- _Required work_: Print a faithful copy of the data below, word for word, with the pictures left out.

- _Recorded data_:
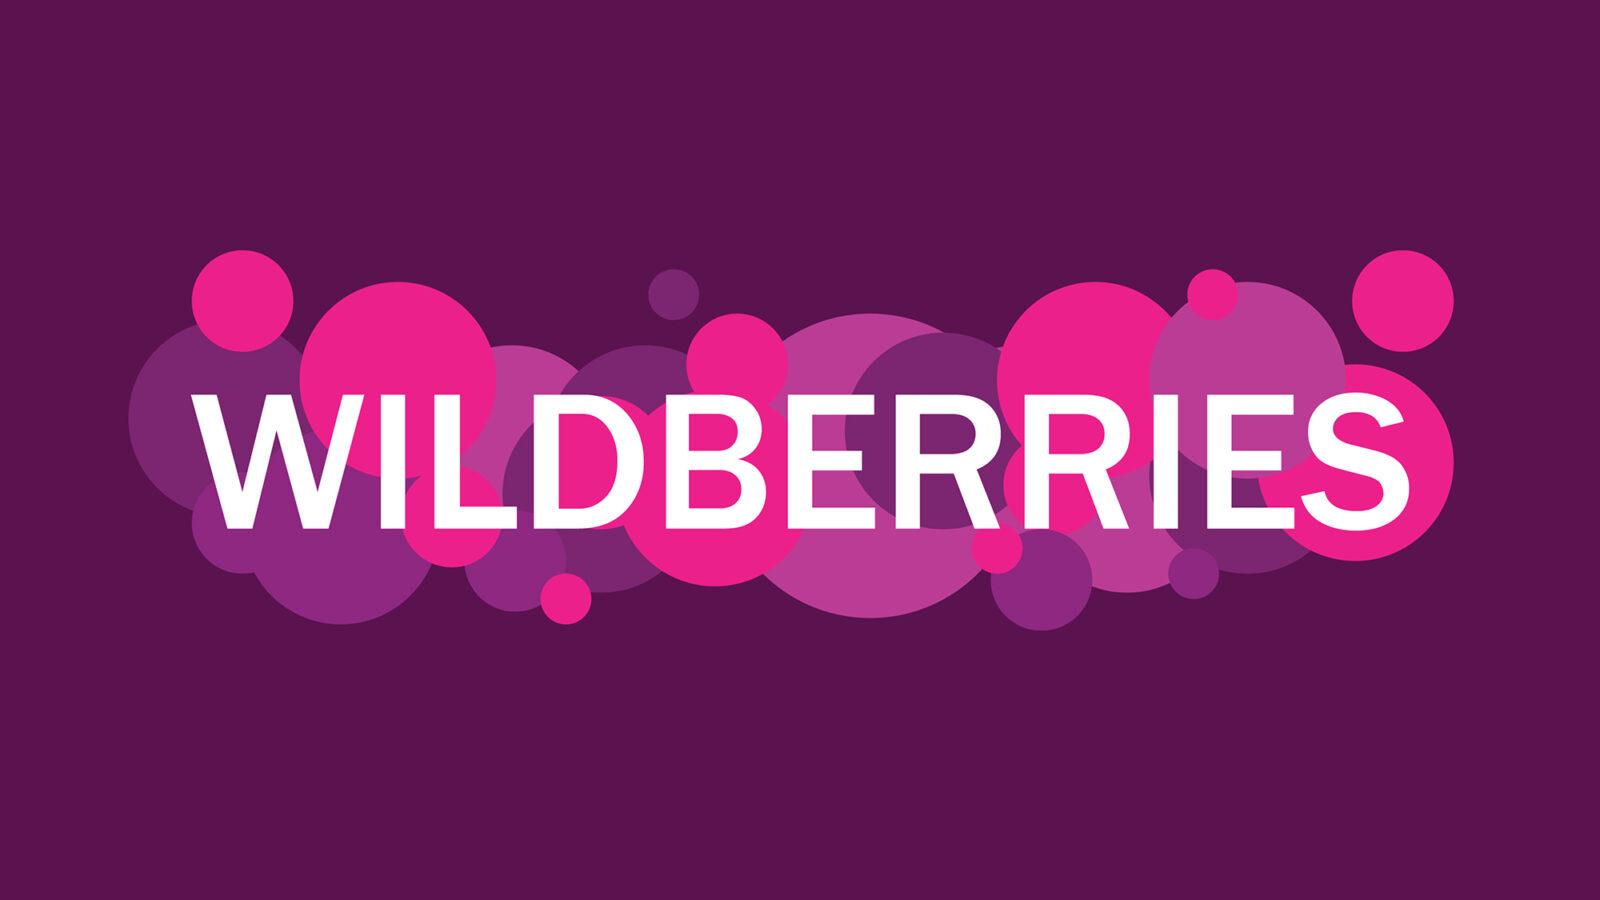 Как начать торговать на wildberries?
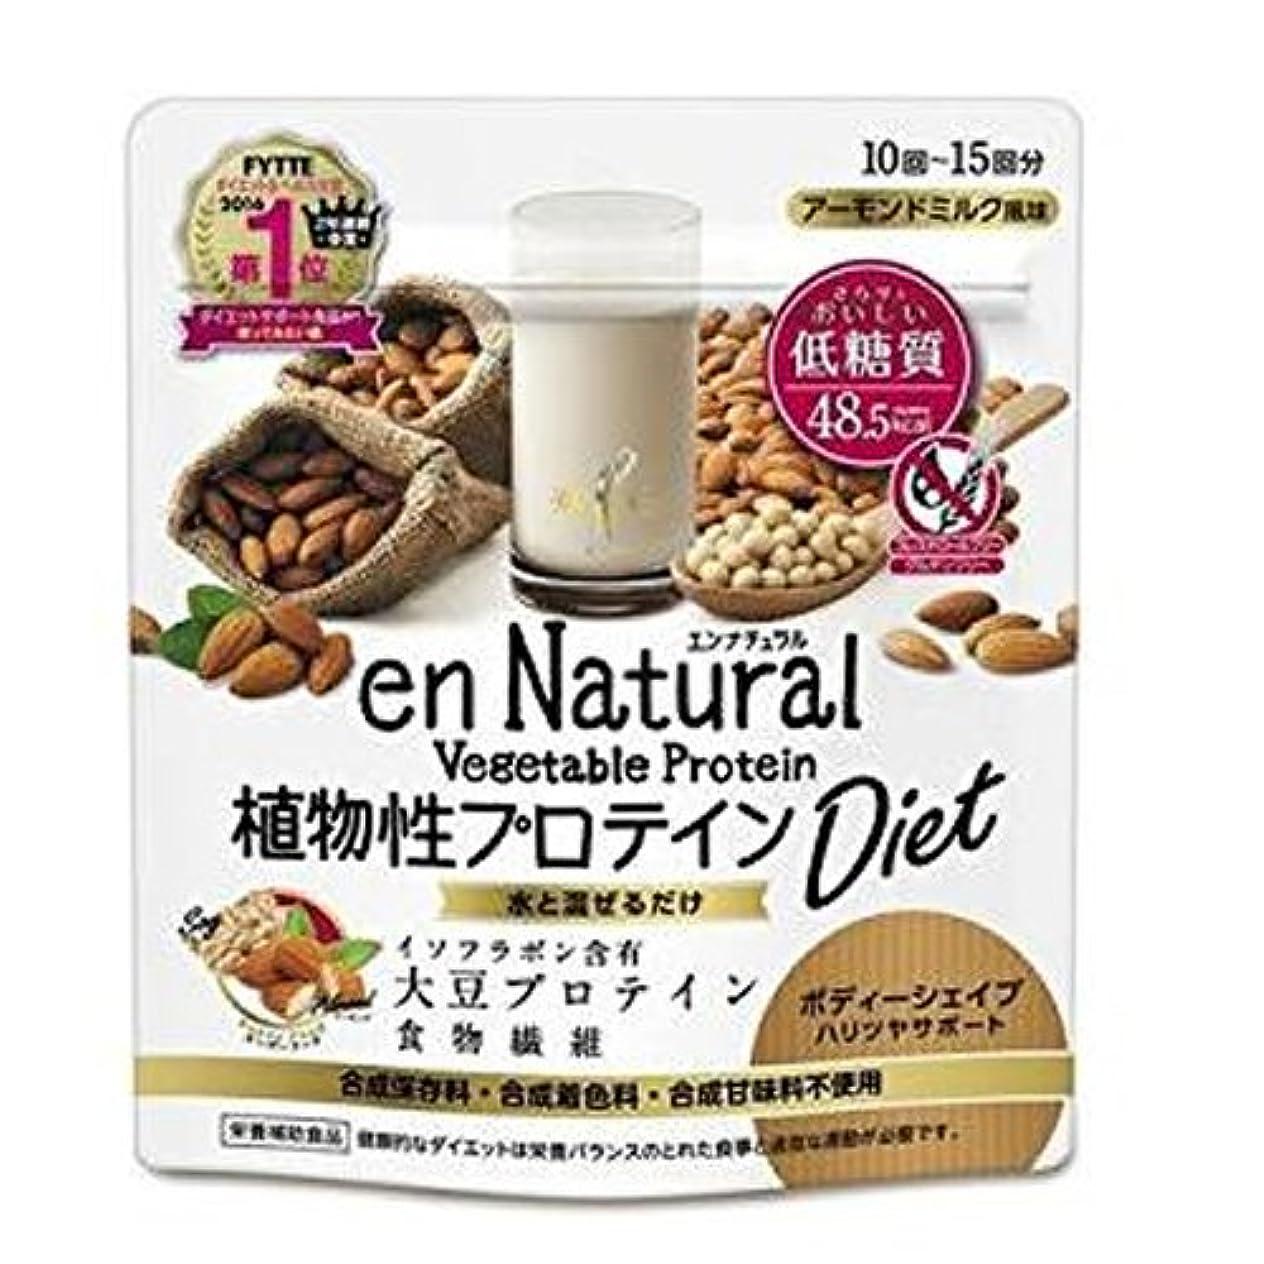 ロビー正当なフォーマットメタボリック エンナチュラル植物性プロテインダイエット 150g
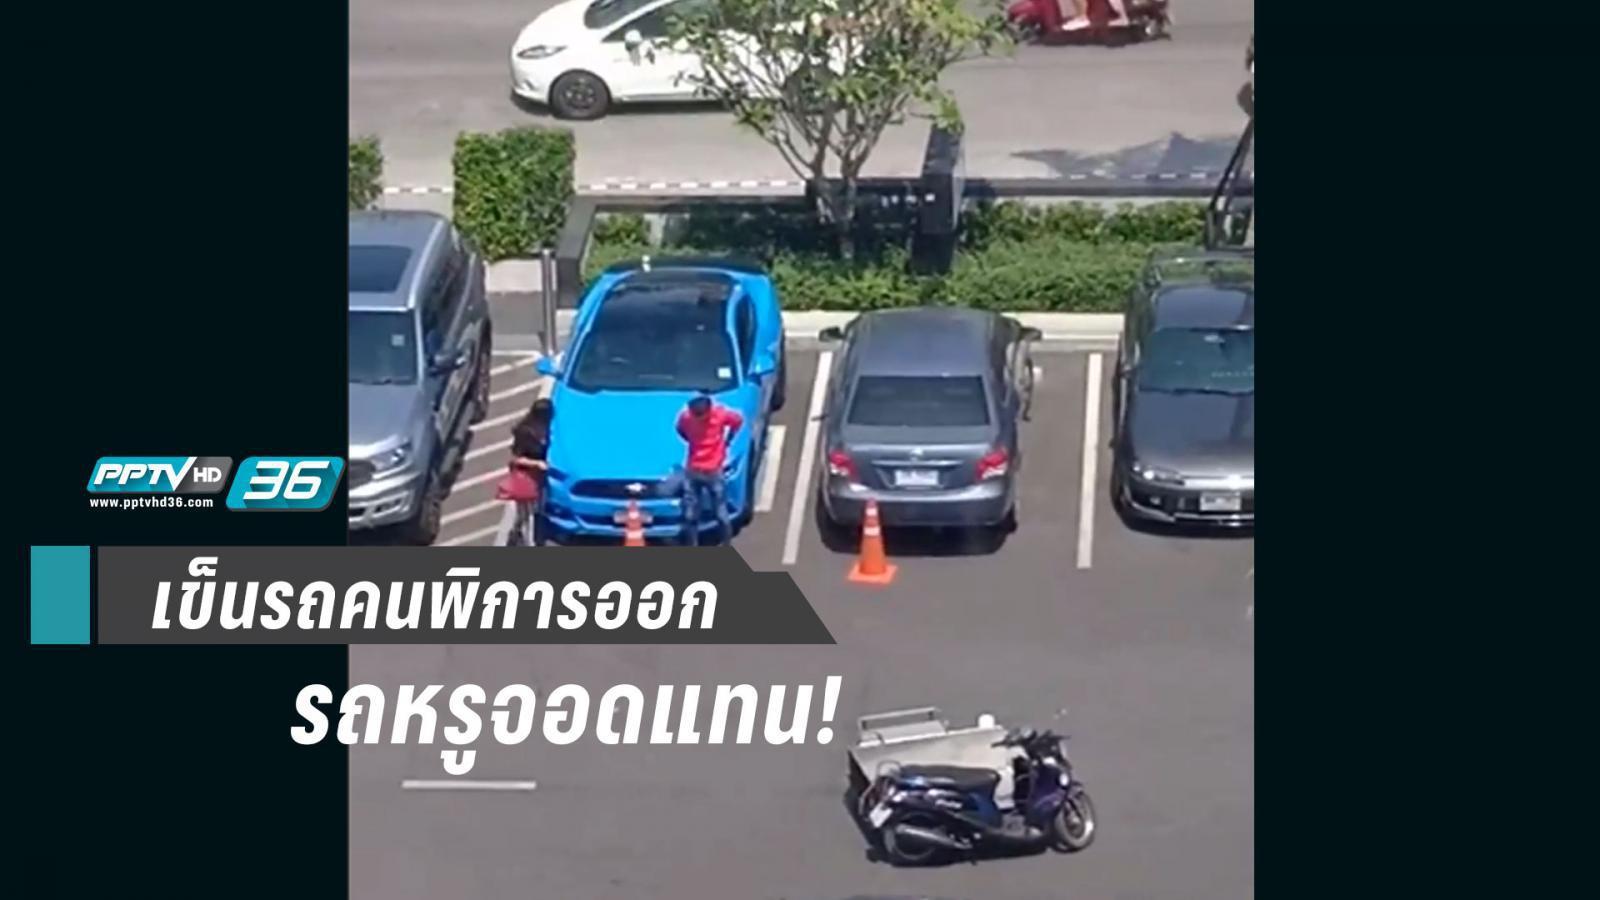 สาวโวย โดนเข็นมอ'ไซค์พ่วงข้างออกช่องจอดพิการ แล้วรถหรูเสียบแทน
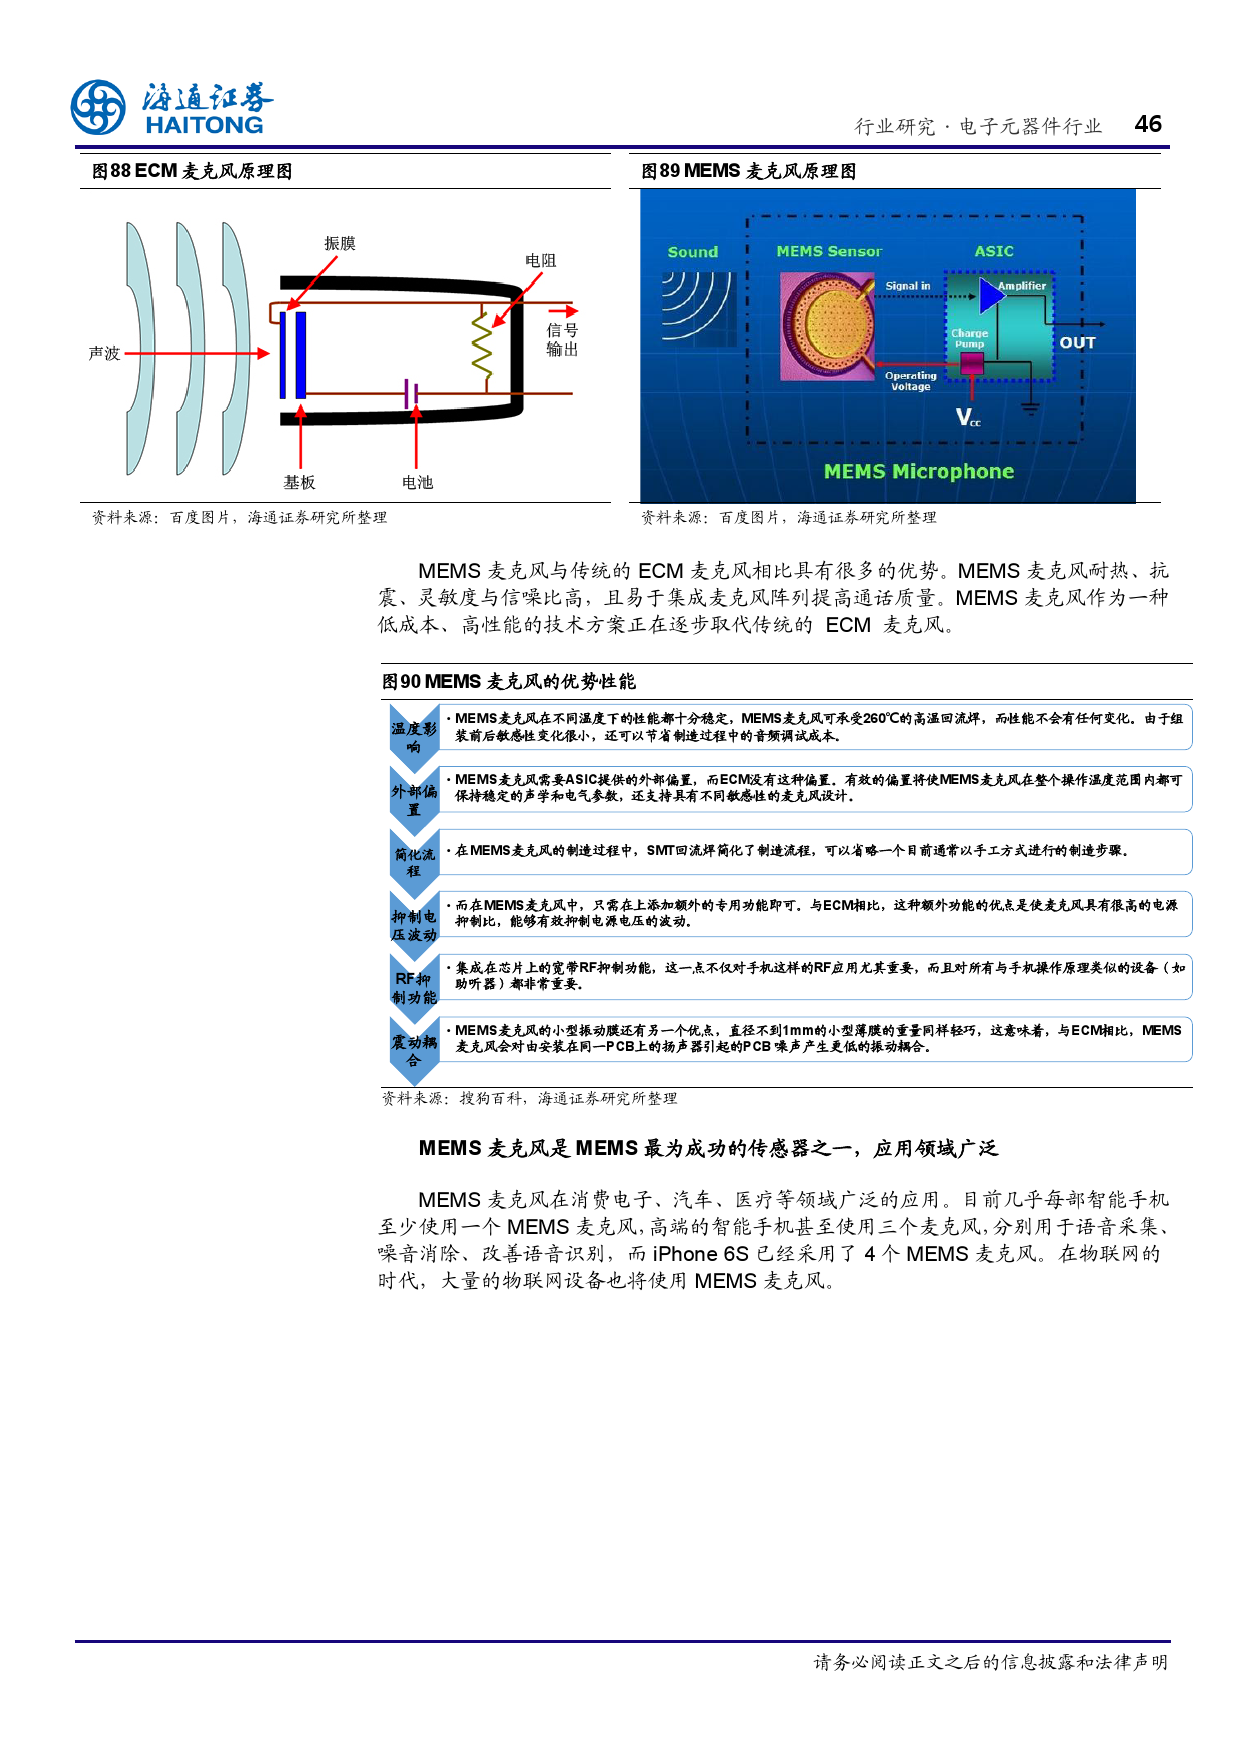 报告全解传感器全球产业链_000046

- _Exercise answer_:
 Как начать торговать на wildberries?
 ロビー正当なフォーマットメタボリック エンナチュラル植物性プロテインダイエット 150g
 สาวโวย โดนเข็นมอ'ไซค์พ่วงข้างออกช่องจอดพิการ แล้วรถหรูเสียบแทน
 报告全解传感器全球产业链_000046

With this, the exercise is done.